Task to carry out:
Retype the listing exactly, with no images.

━━ Data provided ━━

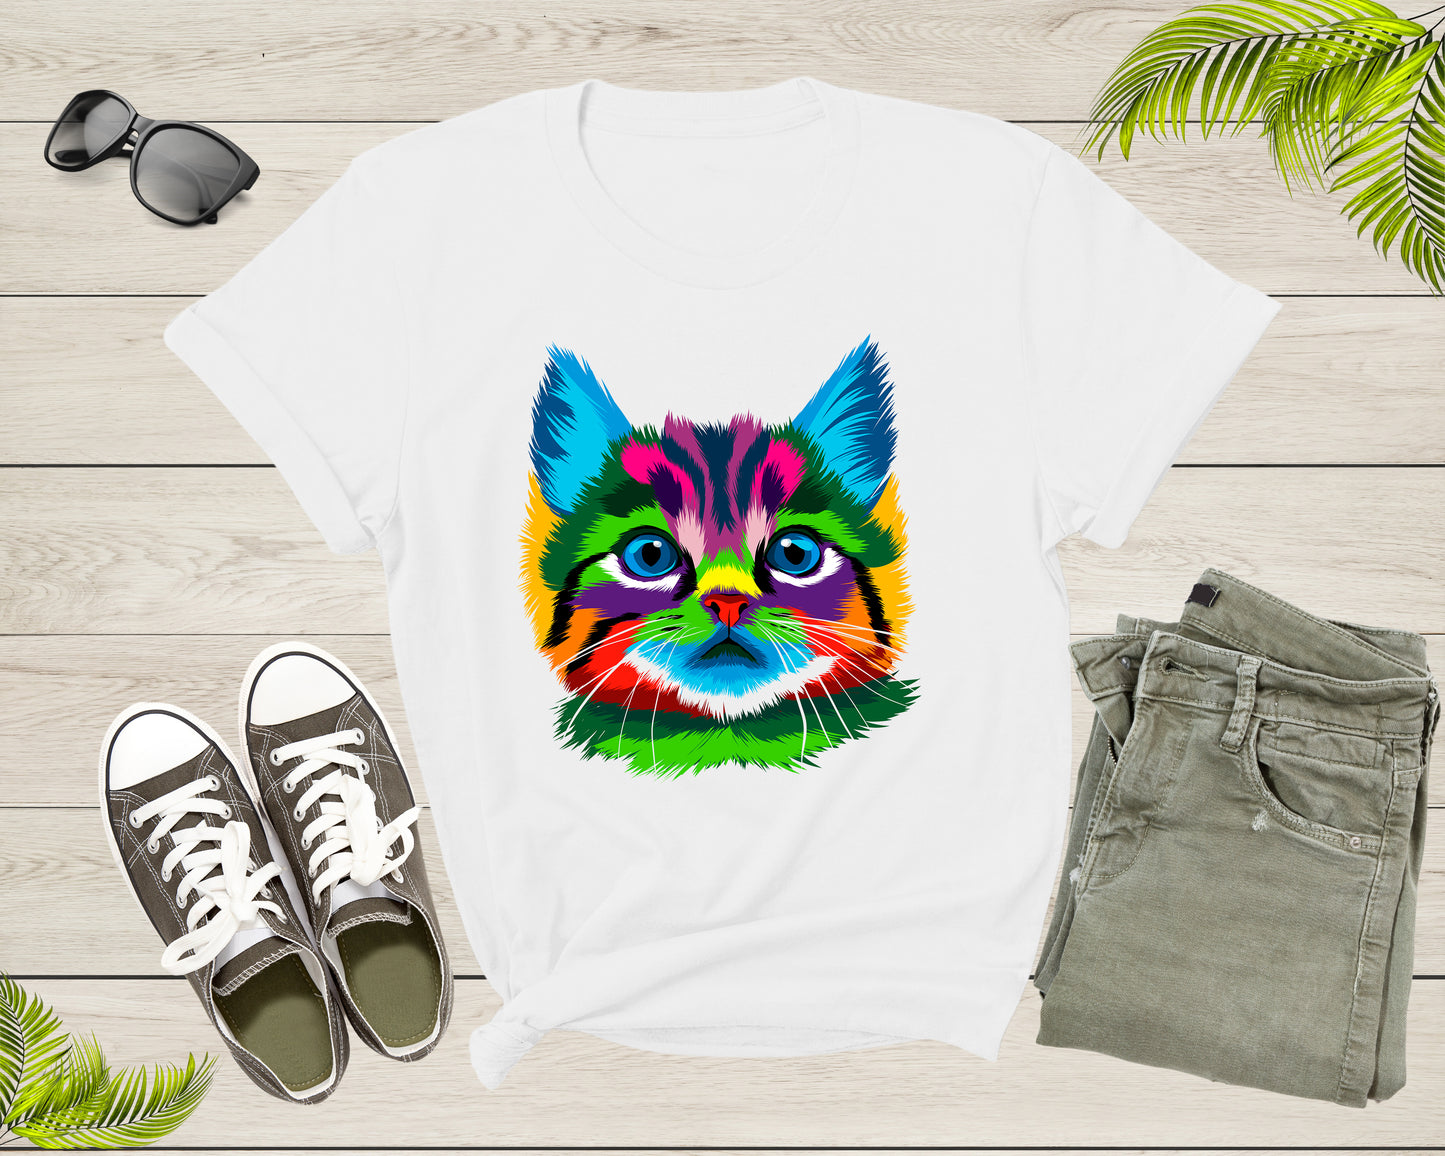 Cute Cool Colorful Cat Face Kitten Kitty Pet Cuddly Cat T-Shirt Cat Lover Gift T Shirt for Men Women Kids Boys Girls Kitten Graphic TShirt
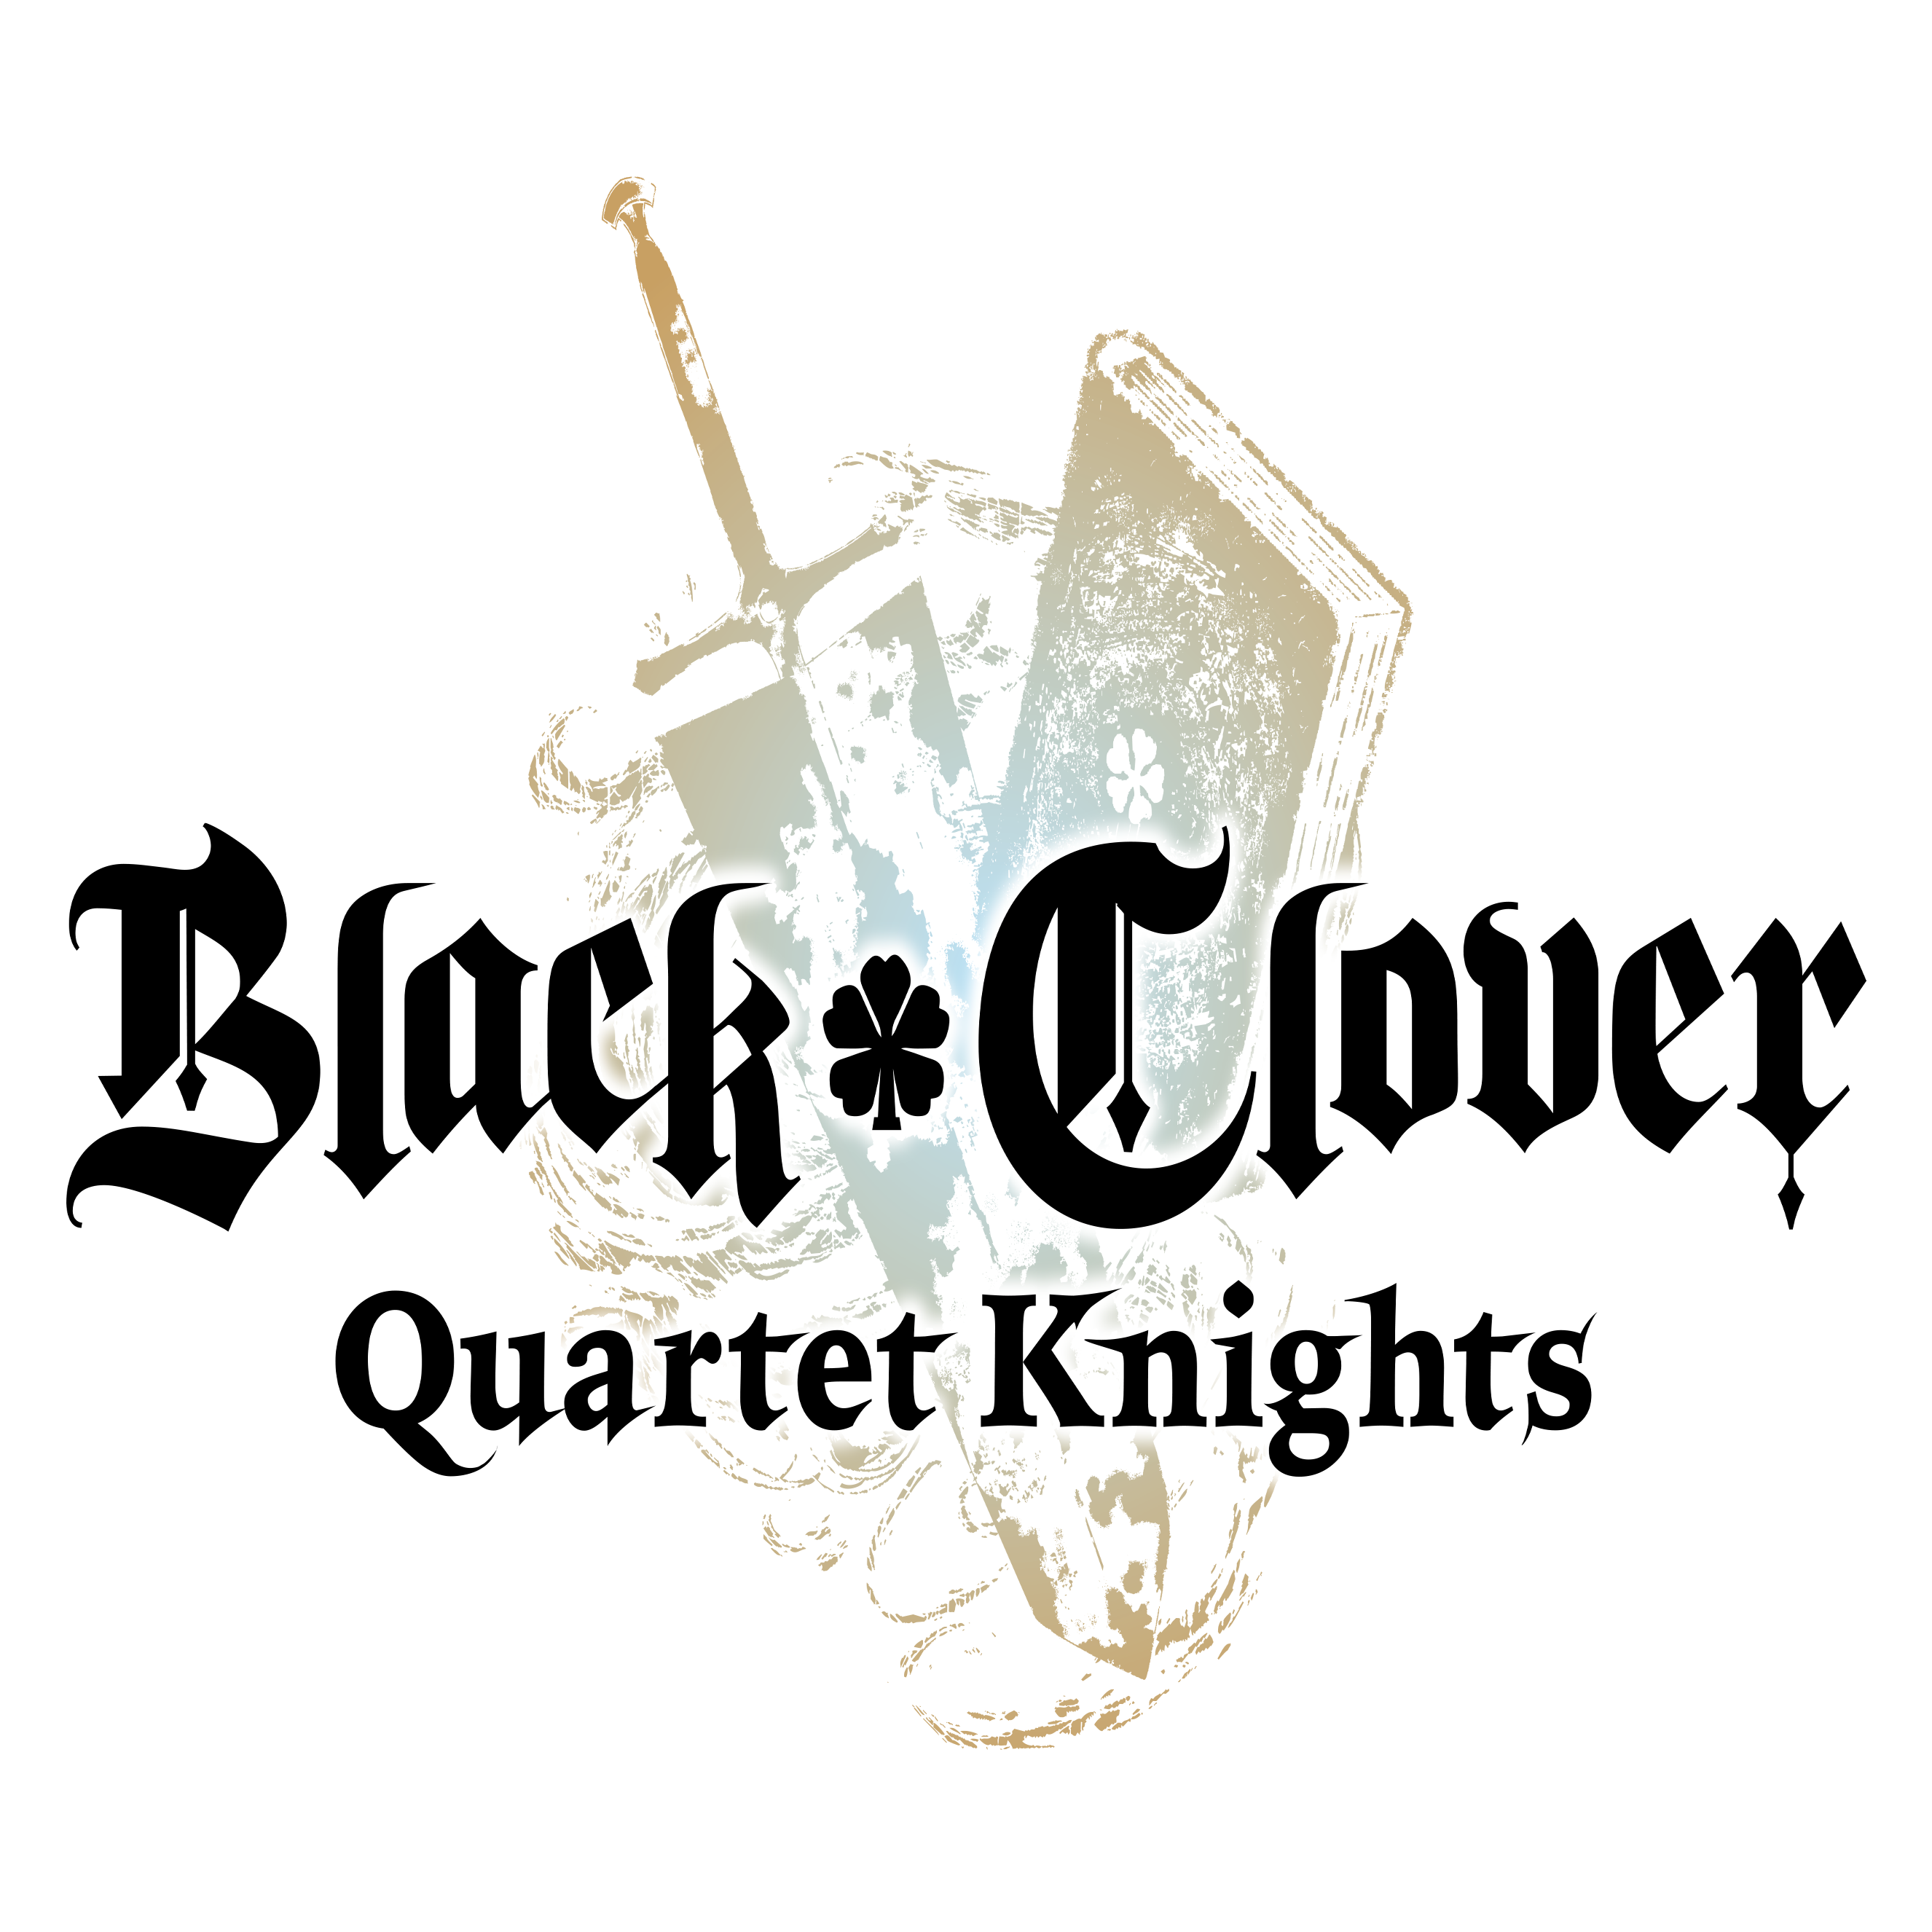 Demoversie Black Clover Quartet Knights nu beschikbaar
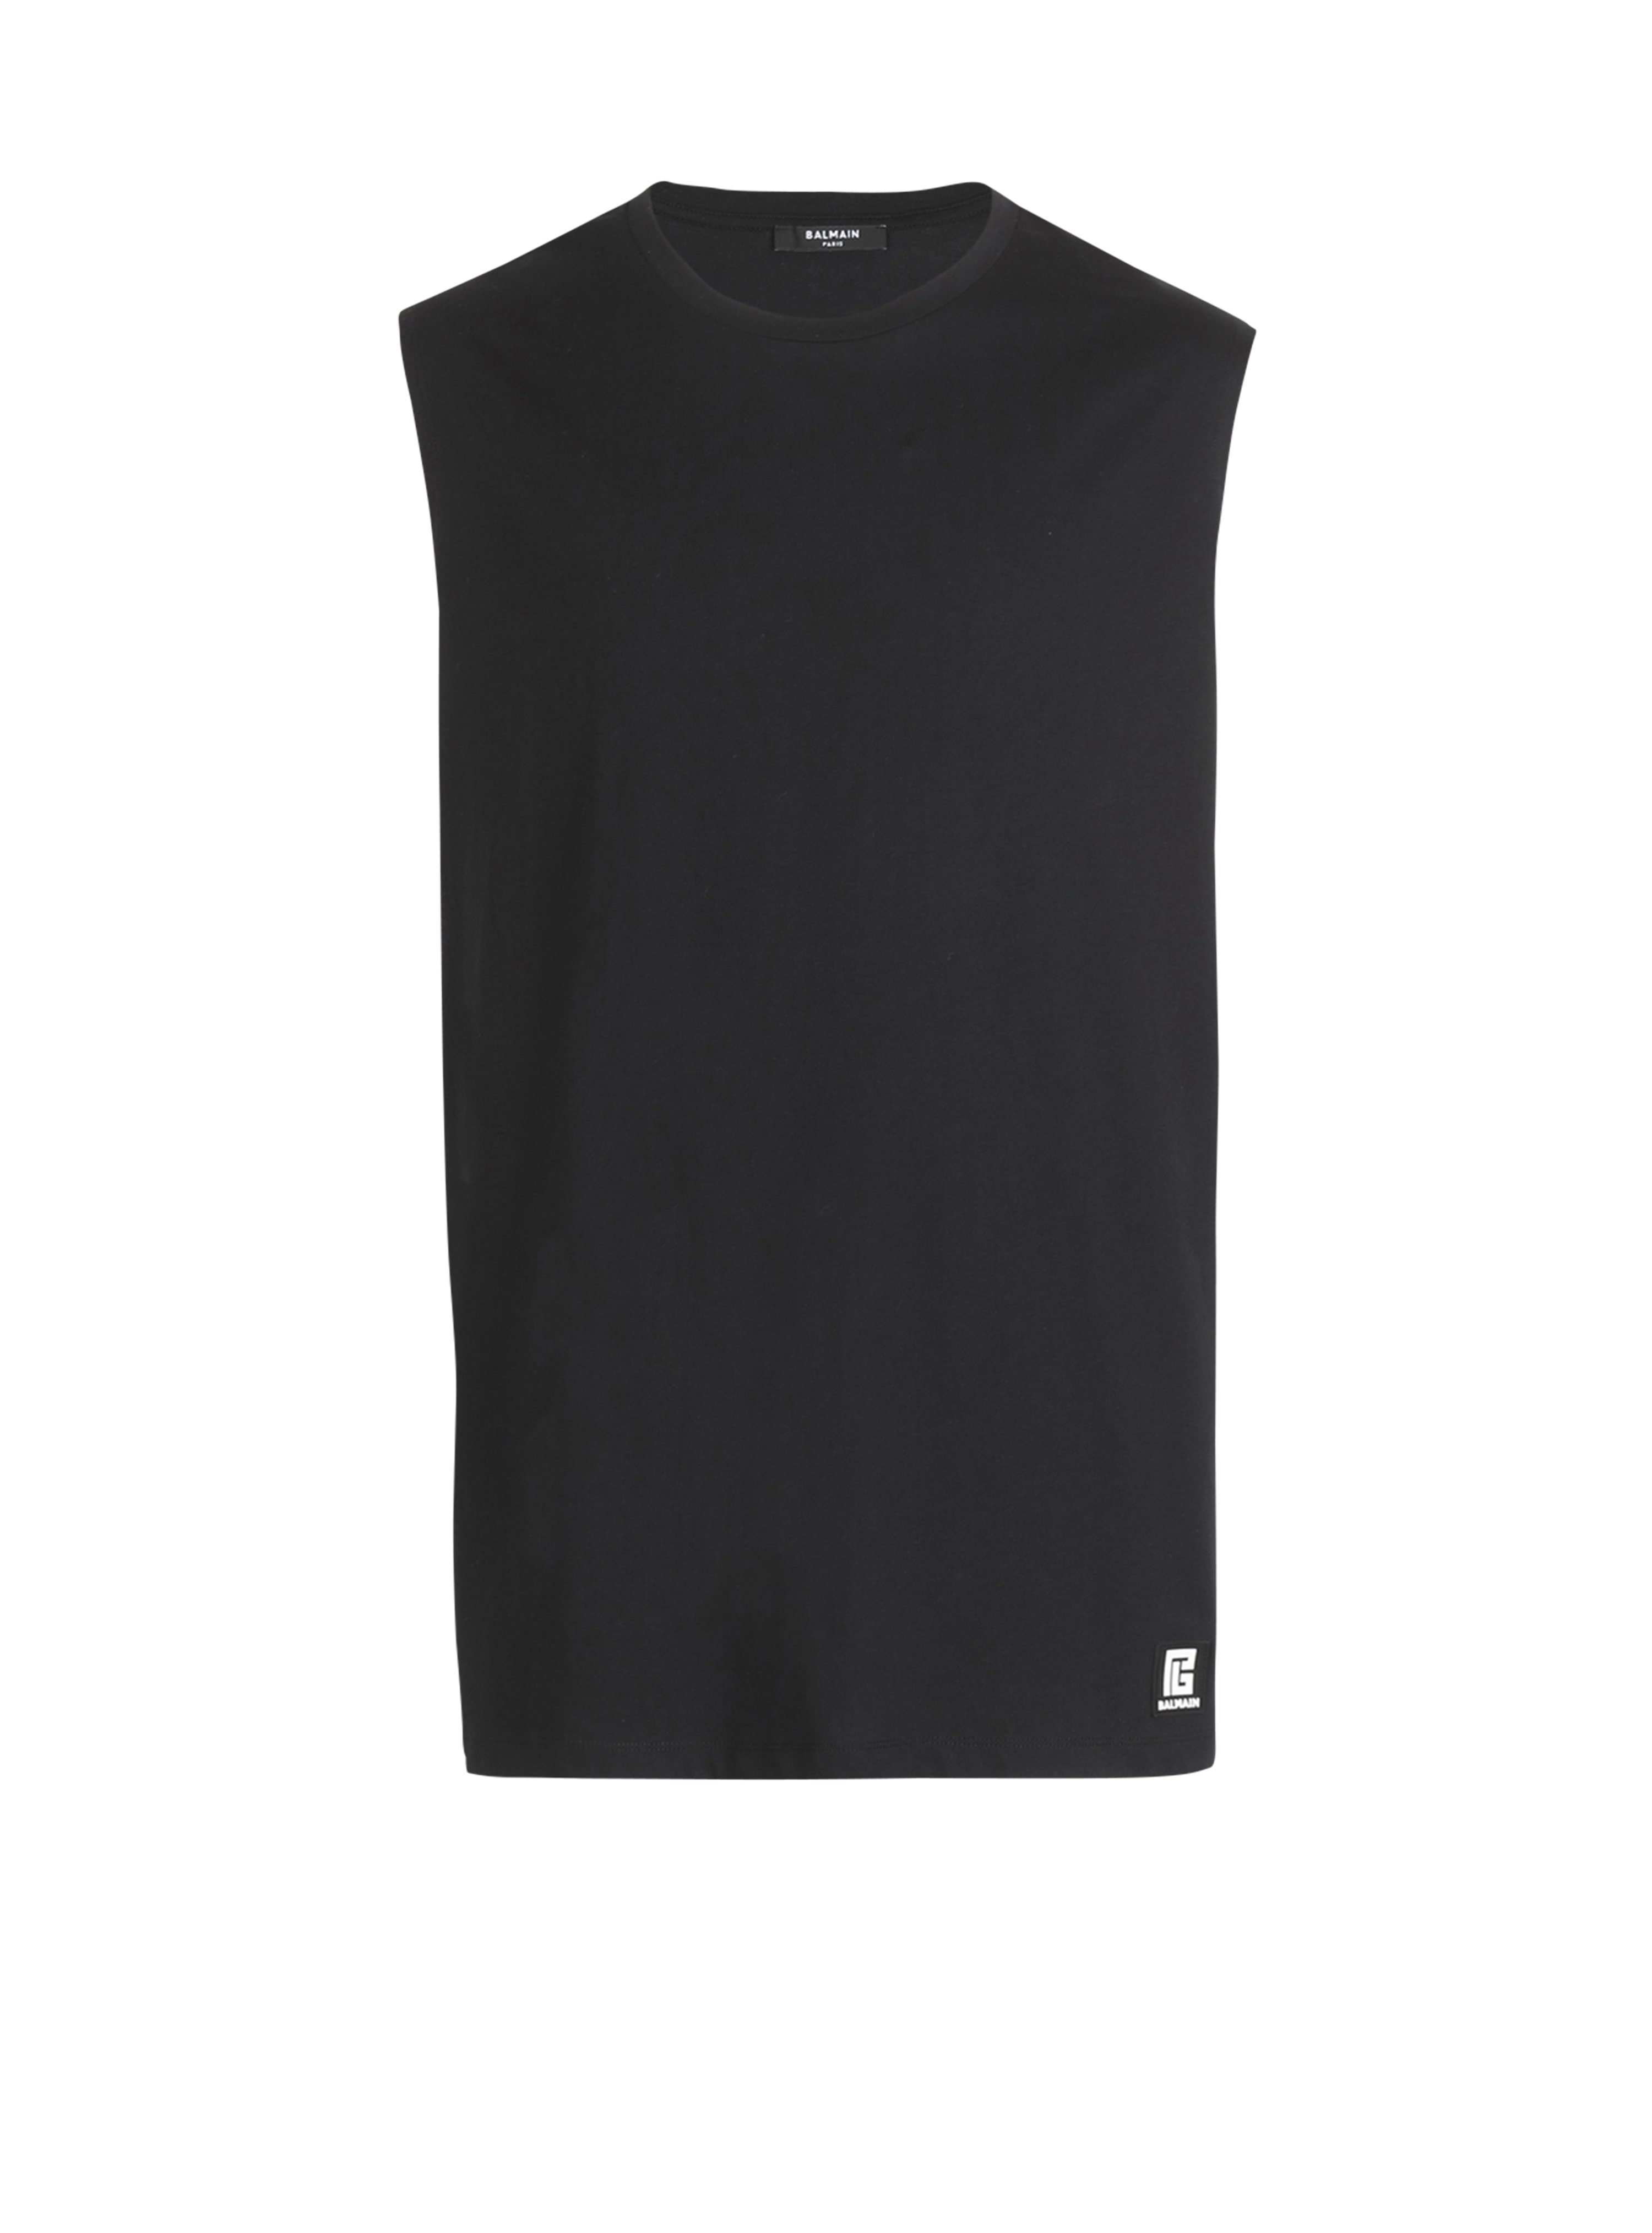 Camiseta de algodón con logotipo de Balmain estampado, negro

━━━

Written solution:
 Cute Cool Colorful Cat Face Kitten Kitty Pet Cuddly Cat T-Shirt Cat Lover Gift T Shirt for Men Women Kids Boys Girls Kitten Graphic TShirt
 Demoversie Black Clover Quartet Knights nu beschikbaar
 Camiseta de algodón con logotipo de Balmain estampado, negro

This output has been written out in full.